The Literary Chemists



This accusation of "daguerreotypy" was not limited to painting; it infected literature as well. Writers like Gustave Flaubert and Honoré de Balzac were accused of practising a kind of moral chemistry rather than art. Critics claimed that Flaubert’s descriptions were so clinically precise that they "suppressed the very light" of the scene.


Prosper Mérimée was denounced for having a style "as exact and cold as a photograph," while Flaubert was mocked for training his pen on a village in Normandy like a lens, producing a "grisaille" of unquestionable, yet soulless, truth. Flaubert, who ironically despised photographic portraits, found himself trapped by the metaphor. To the establishment, these "literary daguerreotypists" had stripped the world of poetry and ideals, leaving only a "dull, pale truth."



The Angels Have No Wings



The most aggressive practitioner of this "blind" truth was Gustave Courbet. He famously rejected the entire history of religious and mythological painting with a simple, brutal logic: not seen, not painted. When asked why he never painted angels, Courbet replied that he had never seen one. If someone could show him an angel, he would paint it.


This refusal to imagine the invisible led to fierce clashes with the Romantics. Courbet mocked Eugène Delacroix’s frescoes at Saint-Sulpice, asking if anyone had actually checked whether angels "have an arse" or if their wings could physically support their weight. He demanded that artists stop painting "monstrous" winged creatures and instead paint the men and women standing in front of them. For Courbet, the only truth was the physical, tangible reality; the rest was a lie.



The Living Machine



Courbet’s commitment to the visible was so extreme that critics accused him of voluntarily lobotomising himself. Étienne-Jean Delécluze wrote in 1850 that Courbet had made a gamble to let go of models and "abnegate his intelligence." He was described as transforming himself into a human daguerreotype, slapping onto the canvas whatever image "jumped out at him" without filtering it through the intellect or the canon of beauty.

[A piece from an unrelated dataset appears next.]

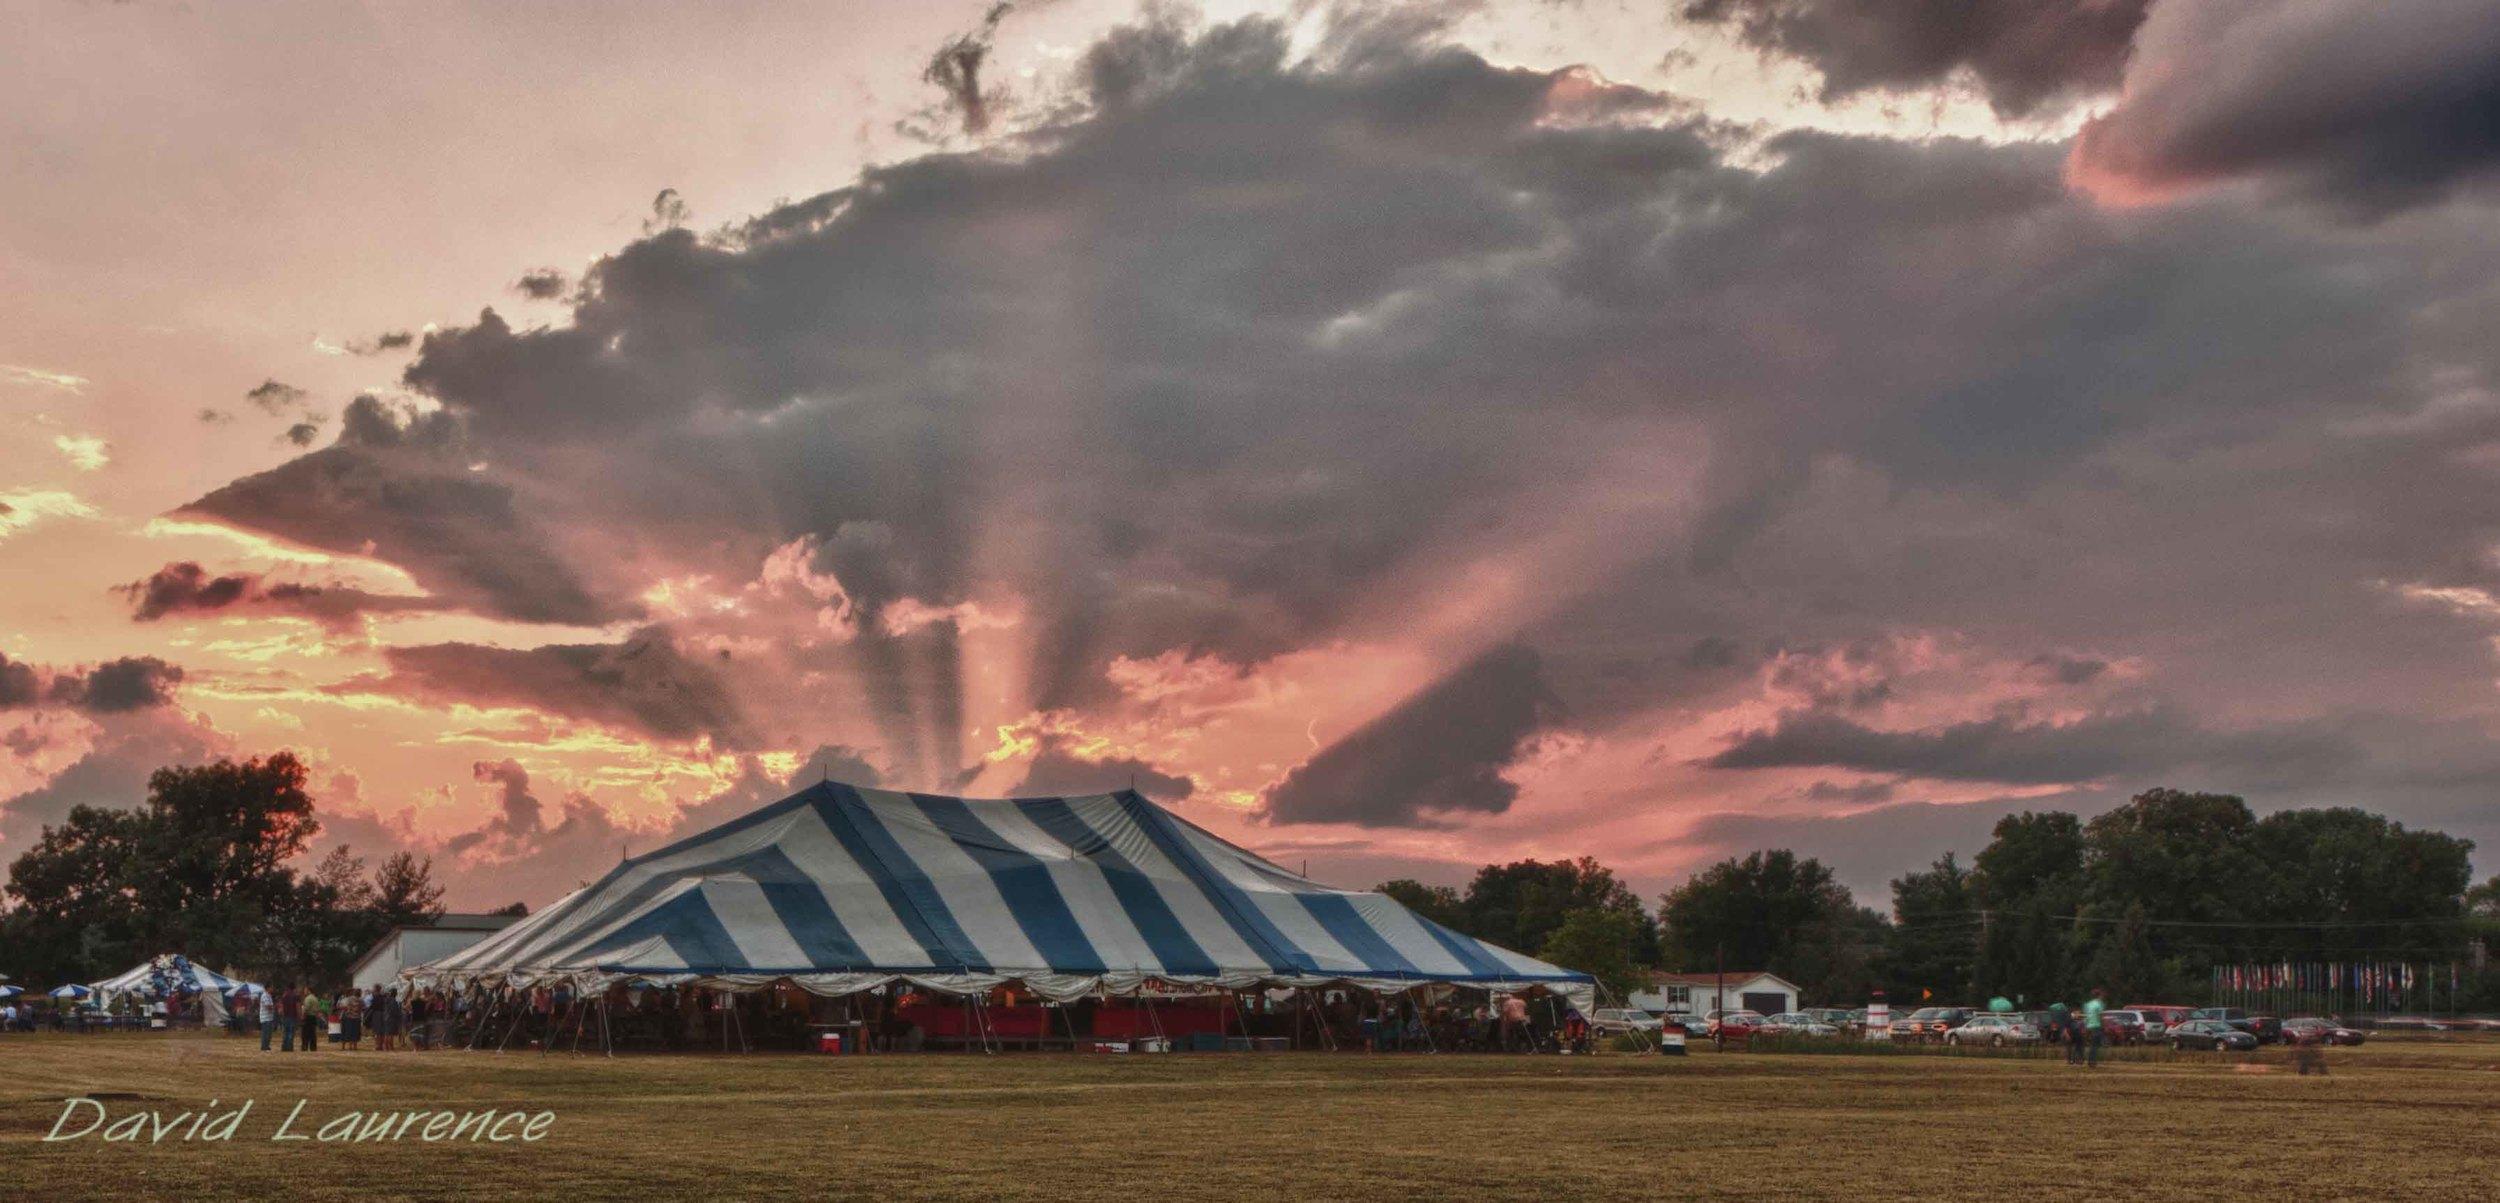 Tent Rays, 2012

However, this was a myth. Despite his claims of naivety, Courbet was deeply learned. Critics noted that his nudes, like the Baigneuse, though intended to look natural, actually "reeked of the art school." Even while rejecting the Ideal, Courbet could not entirely escape the "scientific chaos" of museum culture. He was not a savage eye, but a sophisticated painter pretending to be a machine.



The Impossible Amnesia



The Realist dream was ultimately a desire to unlearn. Artists like Claude Monet and Édouard Manet expressed a wish to be born blind and suddenly gain sight, so they could paint objects without knowing what they were. They wanted to turn their backs on models and traditional teaching to recover an innocent, "spontaneist" view of the world. Pissarro went so far as to suggest burning down the "necropolises" of art—the museums.


Yet, as the historian Ernst Gombrich argued, this total erasure of memory is impossible. Analysing the work of John Constable, Gombrich demonstrated that even the most dedicated naturalist relies on schemas. Constable, who claimed he tried to forget he had ever seen a picture when he sat down to paint, actually used Alexander Cozens's cloud studies as a scientific framework. The 19th-century artist could not simply be a passive lens; they were scientists using the "schemas" of tradition as a starting point to probe and test reality, forever caught between the knowledge of the past and the shock of the present.